Introduction to TF-IDF

TF-IDF is a commonly used statistical method in NLP. It is used to evaluate the importance of a word to a document set or one of the documents in a corpus. TF-IDF is usually used to extract the features of a text, i.e. keywords. The importance of words increases with the number of times they appear in documents, but decreases inversely with the frequency they appear in corpus.
In NLP, the formula of TF-IDF is as follows:

            tfidf = tf*idf.

Among them, TF is Term Frequency and IDF is Inverse Document Frequency.
_tf is word frequency, that is, the frequency of a word appearing in a document.

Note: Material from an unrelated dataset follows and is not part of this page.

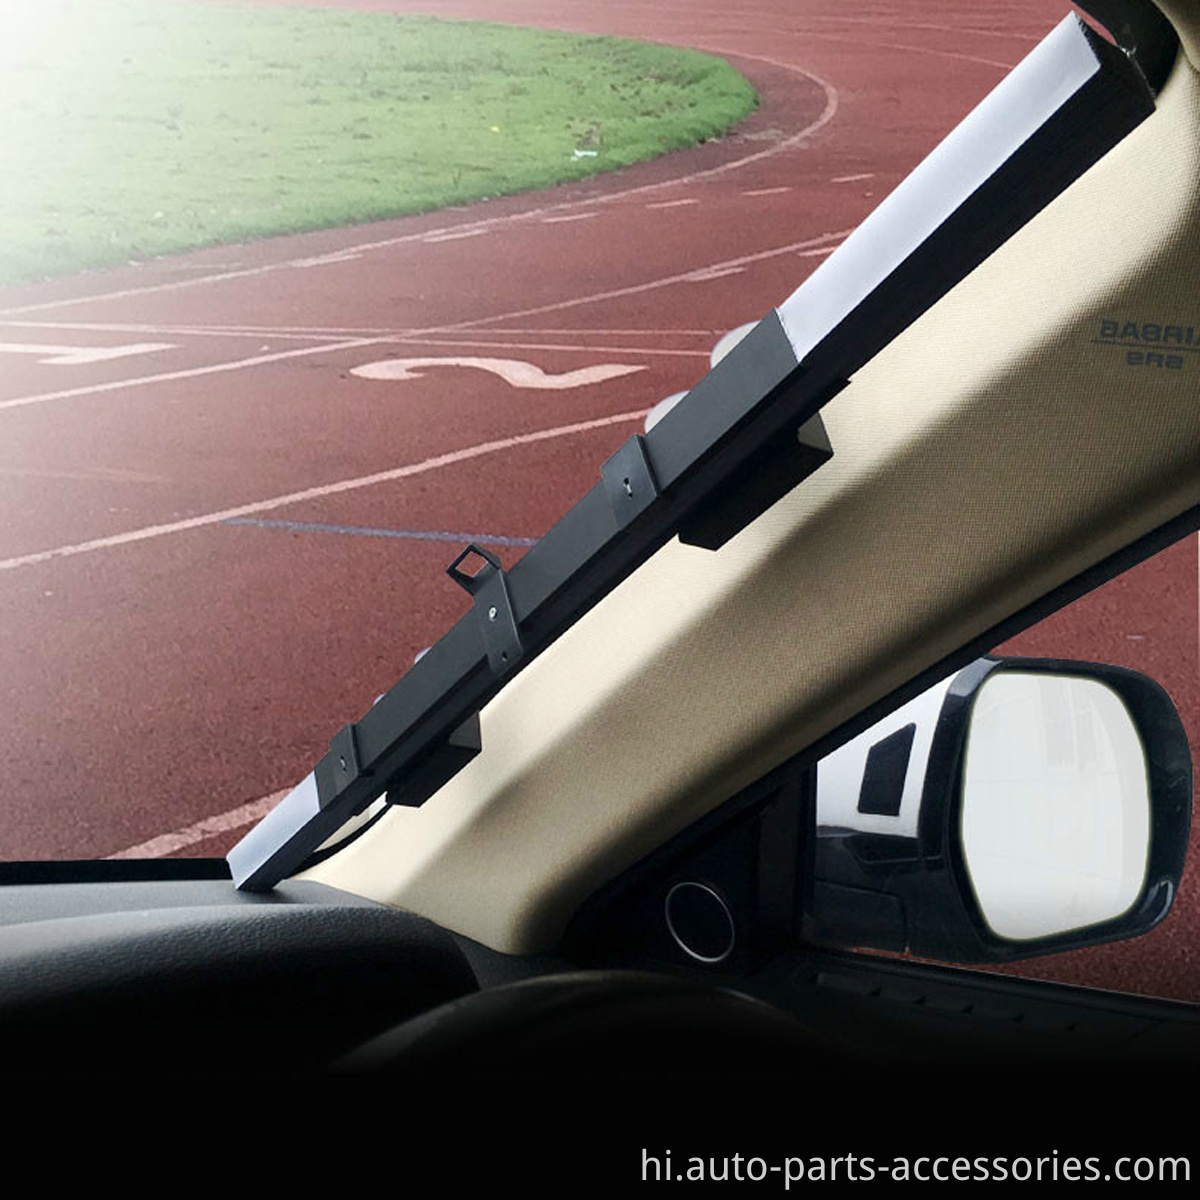 कस्टम प्रिंटिंग वापस लेने योग्य विंडस्क्रीन ऑटो सामने की खिड़की के लिए वायरलेस कार सनशेड स्थापित करें

Suppose a word appearing I times in the whole document, while the whole document has N words, the value of TF is i/N.
_idf is the reverse file frequency, assuming that the entire document has n articles, and a word appears in K articles, the IDF value is

            idf=log2(n/k).

Of course, there will be slightly different formulas for calculating IDF values in different places. For example, some places will add 1 to the denominator K to prevent the denominator from being 0, and some places will add 1 to the denominator, which is the smoothing technique. In this paper, the original formula of IDF value is used, because it is consistent with the formula in gensim.
_Assuming that the entire document has a D article, the TFIDF value of the word I in the j article is

The above is the calculation method of TF-IDF.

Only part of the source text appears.